We are working on a distributed database, and we need to use things like ICompiledCall.

dusx1981 commented 11 months ago

Which array related functions can I claim?

mbasmanova commented 11 months ago

@dusx1981 Curious, which database do you work on? BTW, development of codegen in Velox has been paused long time ago.

Consider, adding a family of map_top_n_xxx functions: https://prestodb.io/docs/current/functions/map.html#map_top_n_keys

dusx1981 commented 11 months ago

@dusx1981 Curious, which database do you work on? BTW, development of codegen in Velox has been paused long time ago.

Consider, adding a family of map_top_n_xxx functions: https://prestodb.io/docs/current/functions/map.html#map_top_n_keys

We are a project being worked on by a studio, and we are currently in the development stage, and we are also soliciting the name of the database.

Do you mean adding functions to this framework?presto

mbasmanova commented 11 months ago

We are a project being worked on by a studio,

Curious which studio is this?

Do you mean adding functions to this framework?presto

This link is in Chinese, which I unfortunately cannot read. You asked "Which array related functions can I claim?" and I suggested to pick up map_top_n_xxx Presto functions.

mbasmanova commented 11 months ago

We are choosing a solution now, and we don’t know what implementation solution to choose for a language like GO. Can you give some guidance.

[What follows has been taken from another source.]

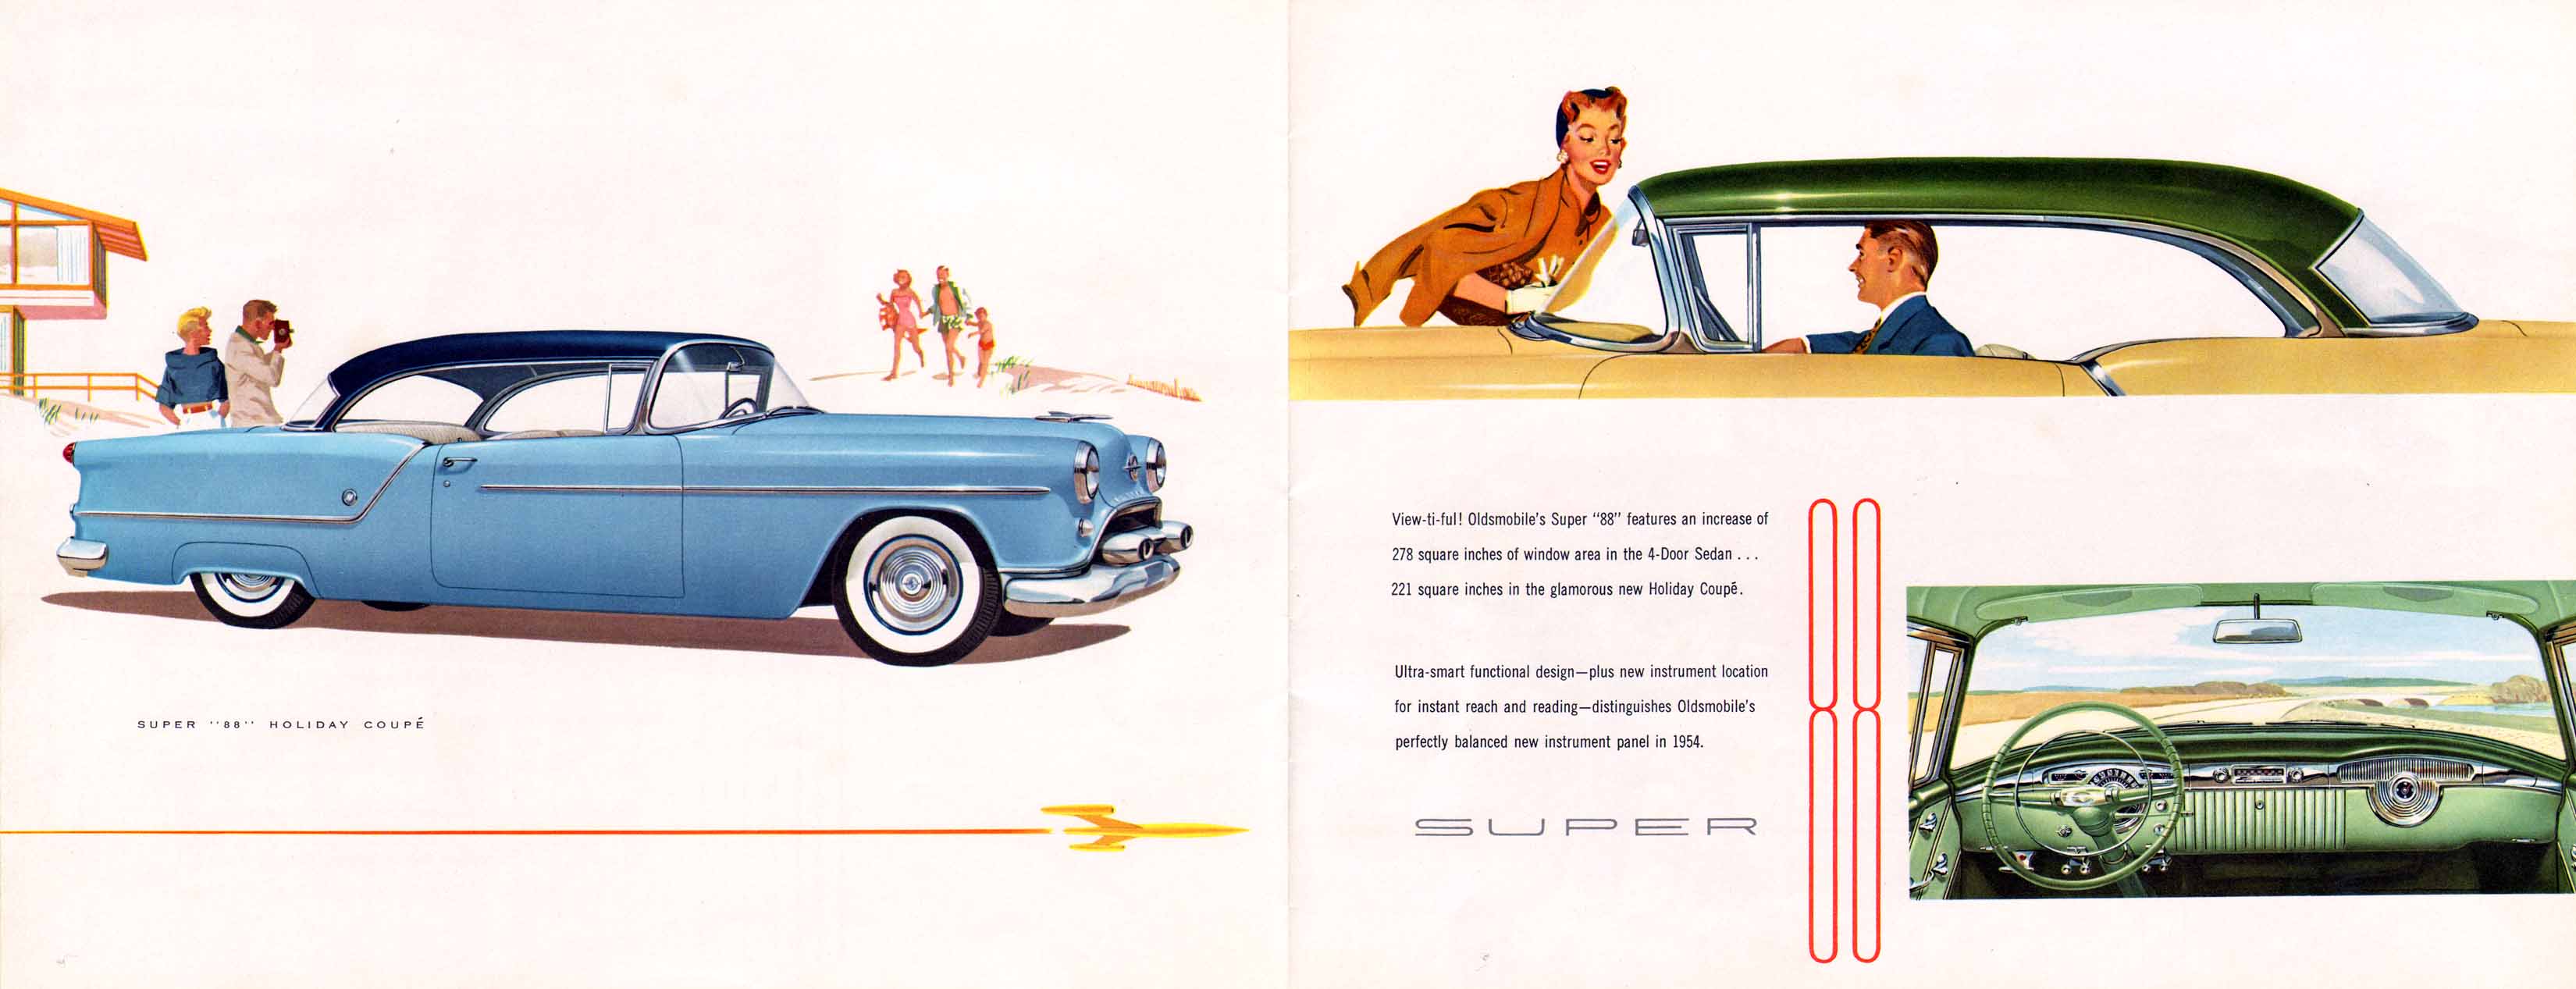 1954_Oldsmobile-a07-a08

Sure. I would need to understand a bit more about the system you are building to advise. What kind of problems are you looking to solve and what is your tentative solution?

dusx1981 commented 11 months ago

We are choosing a solution now, and we don’t know what implementation solution to choose for a language like GO. Can you give some guidance.

Sure. I would need to understand a bit more about the system you are building to advise. What kind of problems are you looking to solve and what is your tentative solution?

I just have a question, we want to use Go to implement a set of JVM compilation and execution logic like Presto. But you know that Java can directly generate bytecode at runtime and load it through ClassLoader, but like Go or C++, it can only be compiled and executed statically. So we want to refer to the implementation of Velox and implement a Go version.

Volex stopped the development of codegen, is it because of performance reasons, is my idea above feasible?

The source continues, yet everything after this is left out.